*What the task asks*
Give back the full listing exactly, setting the pictures aside.

*Supplied data*

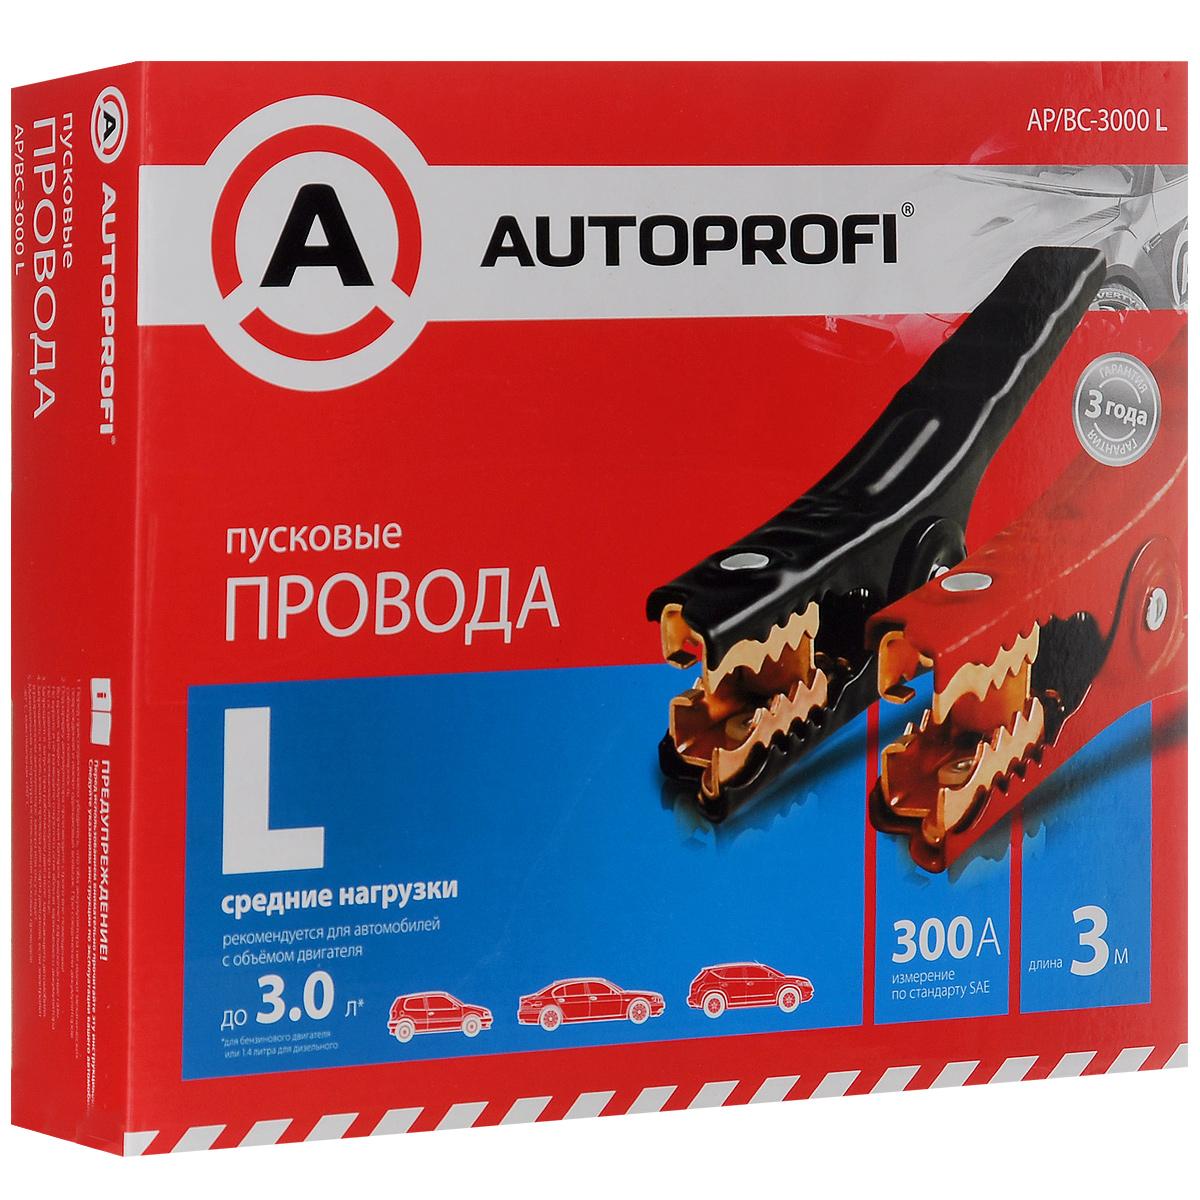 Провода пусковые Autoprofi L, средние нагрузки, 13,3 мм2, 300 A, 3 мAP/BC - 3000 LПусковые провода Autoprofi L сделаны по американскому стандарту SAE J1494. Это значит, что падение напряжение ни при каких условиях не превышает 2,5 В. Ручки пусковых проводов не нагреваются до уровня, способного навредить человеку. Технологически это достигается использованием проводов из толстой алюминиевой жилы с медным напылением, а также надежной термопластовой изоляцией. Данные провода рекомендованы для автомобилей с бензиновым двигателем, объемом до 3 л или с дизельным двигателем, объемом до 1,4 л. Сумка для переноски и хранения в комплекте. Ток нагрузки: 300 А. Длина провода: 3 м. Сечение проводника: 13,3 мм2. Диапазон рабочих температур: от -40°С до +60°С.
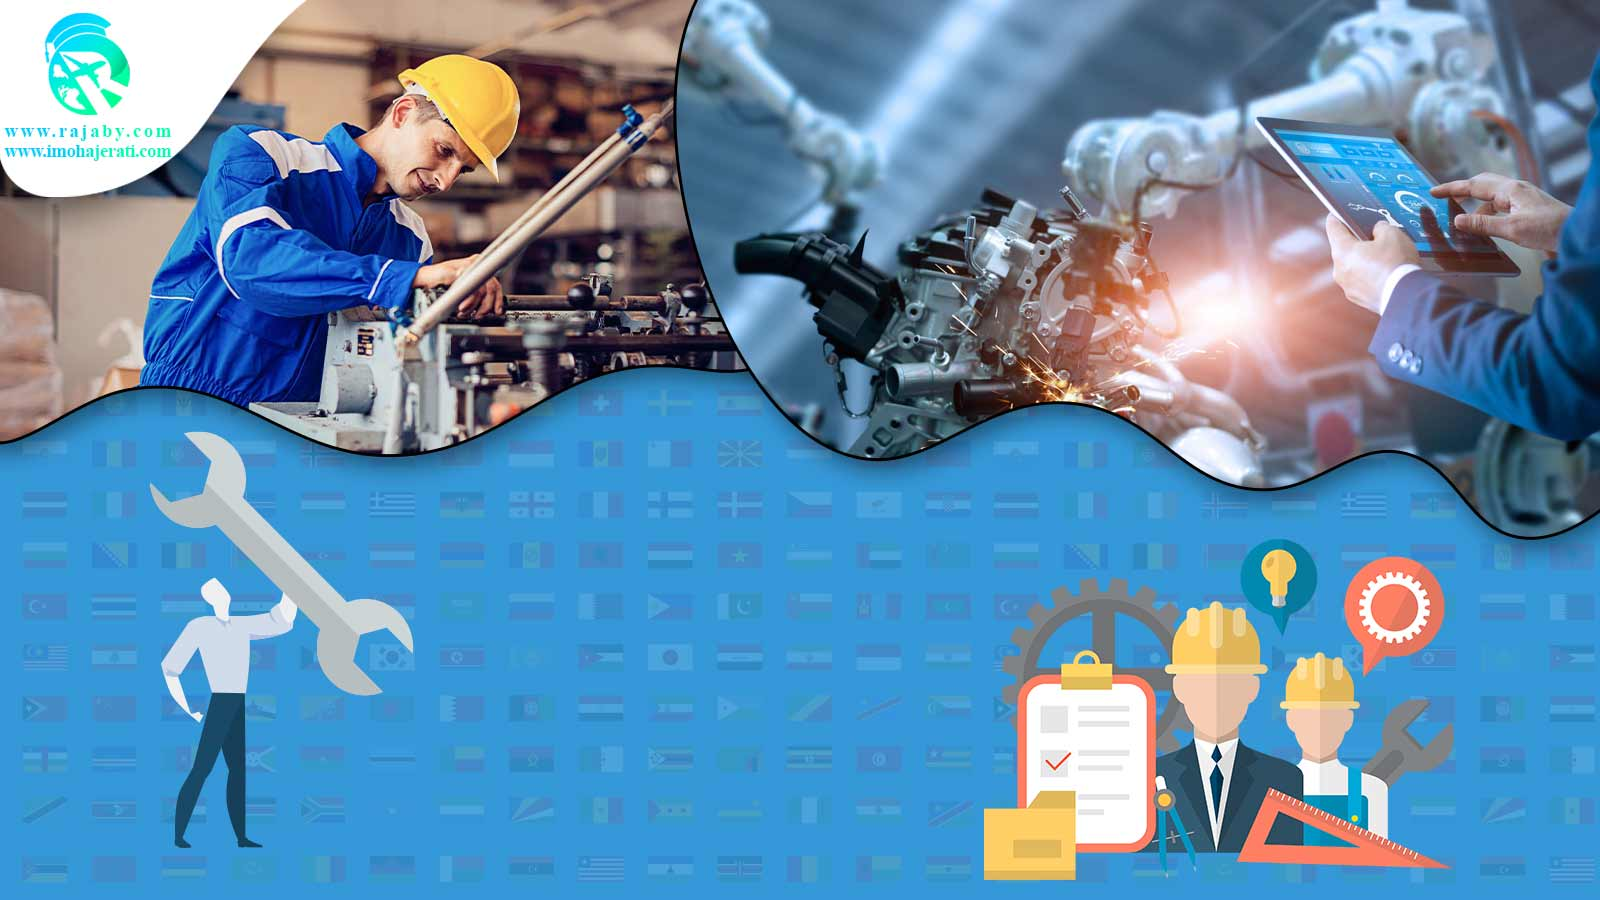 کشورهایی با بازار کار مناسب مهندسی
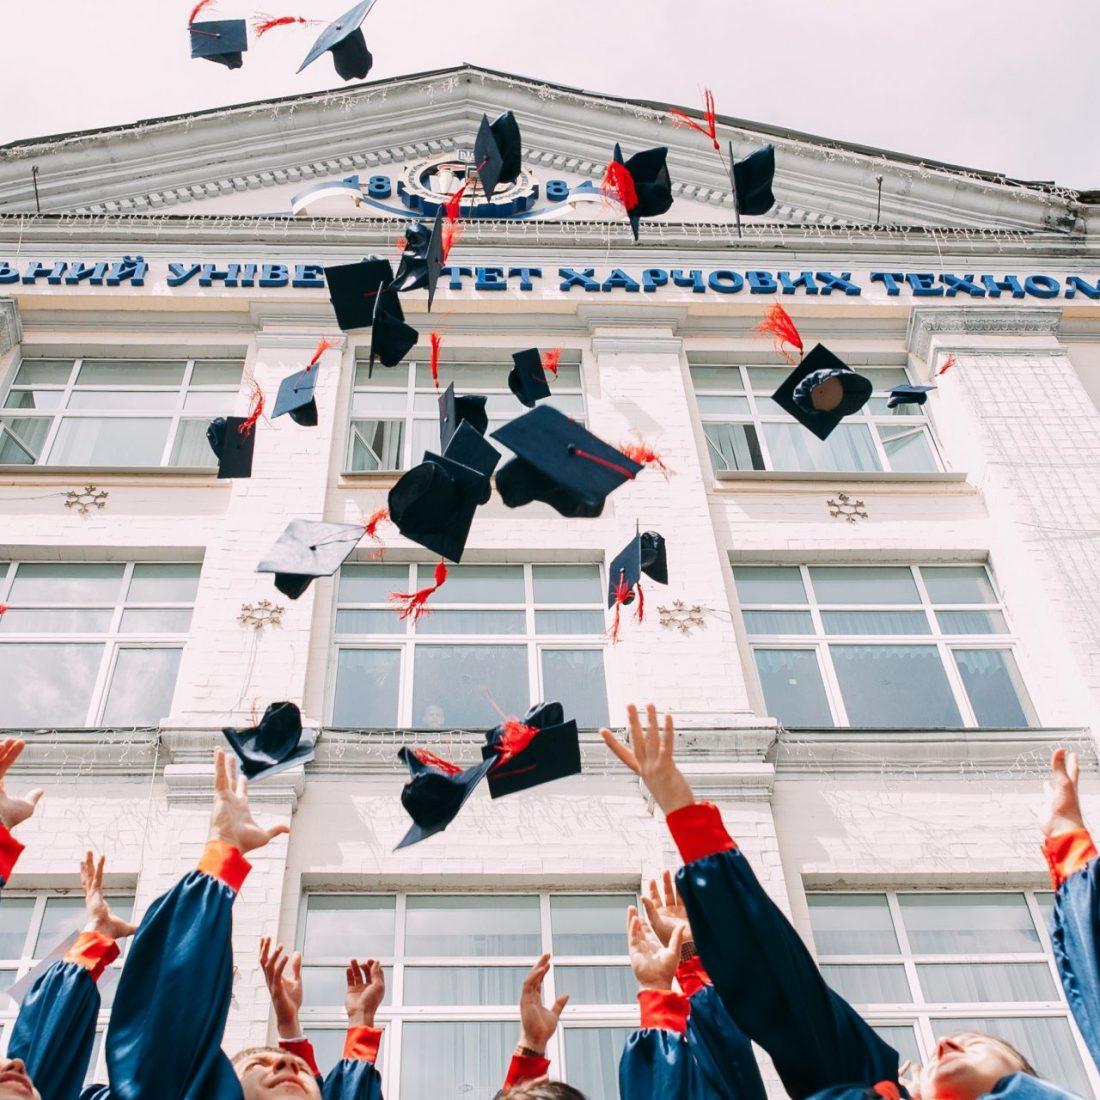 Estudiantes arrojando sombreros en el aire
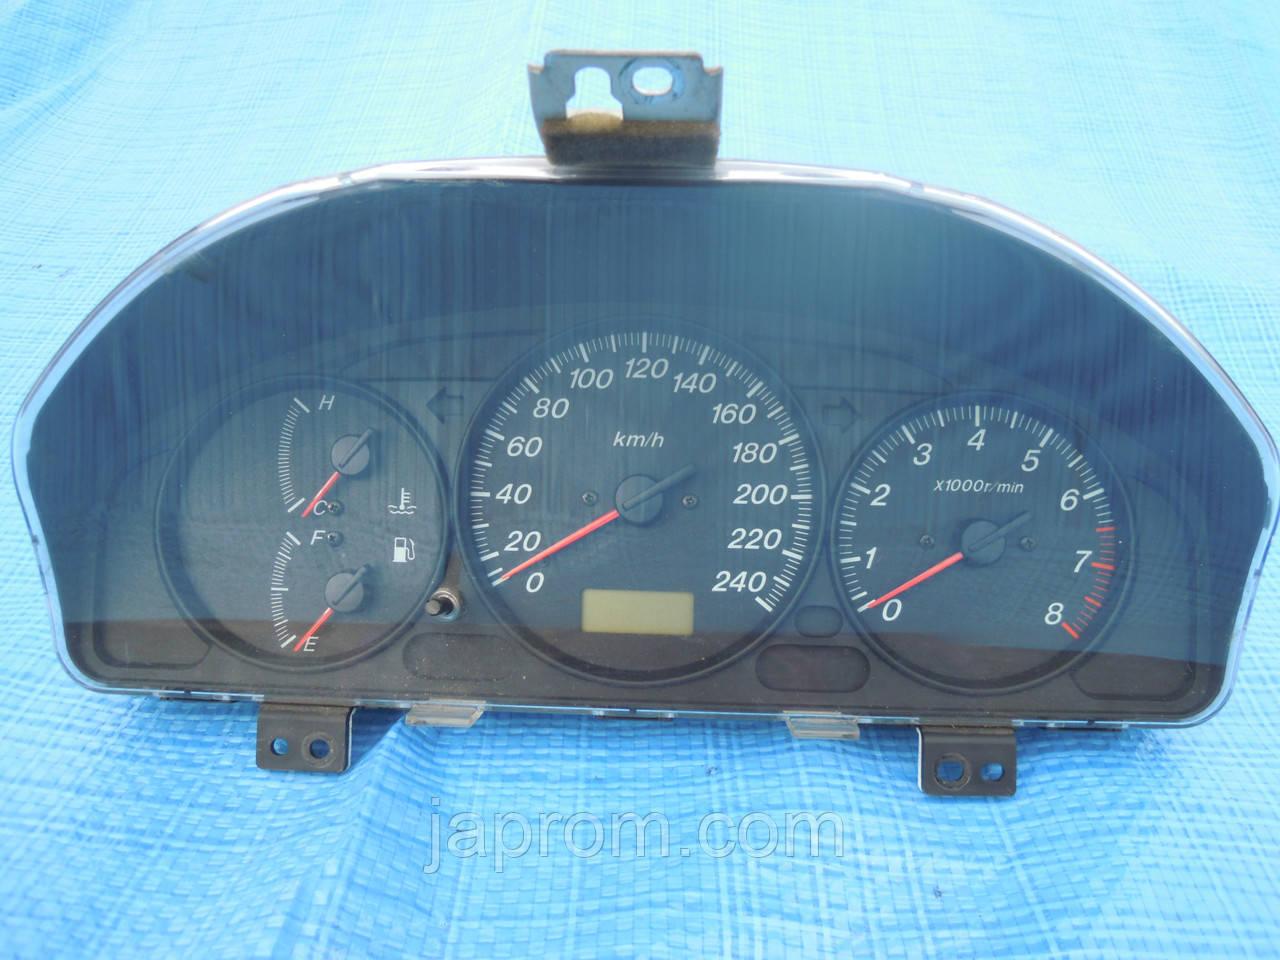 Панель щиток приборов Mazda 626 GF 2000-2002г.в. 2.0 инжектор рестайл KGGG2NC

*Written response*
 Провода пусковые Autoprofi L, средние нагрузки, 13,3 мм2, 300 A, 3 мAP/BC - 3000 LПусковые провода Autoprofi L сделаны по американскому стандарту SAE J1494. Это значит, что падение напряжение ни при каких условиях не превышает 2,5 В. Ручки пусковых проводов не нагреваются до уровня, способного навредить человеку. Технологически это достигается использованием проводов из толстой алюминиевой жилы с медным напылением, а также надежной термопластовой изоляцией. Данные провода рекомендованы для автомобилей с бензиновым двигателем, объемом до 3 л или с дизельным двигателем, объемом до 1,4 л. Сумка для переноски и хранения в комплекте. Ток нагрузки: 300 А. Длина провода: 3 м. Сечение проводника: 13,3 мм2. Диапазон рабочих температур: от -40°С до +60°С.
 کشورهایی با بازار کار مناسب مهندسی
 Estudiantes arrojando sombreros en el aire
 Панель щиток приборов Mazda 626 GF 2000-2002г.в. 2.0 инжектор рестайл KGGG2NC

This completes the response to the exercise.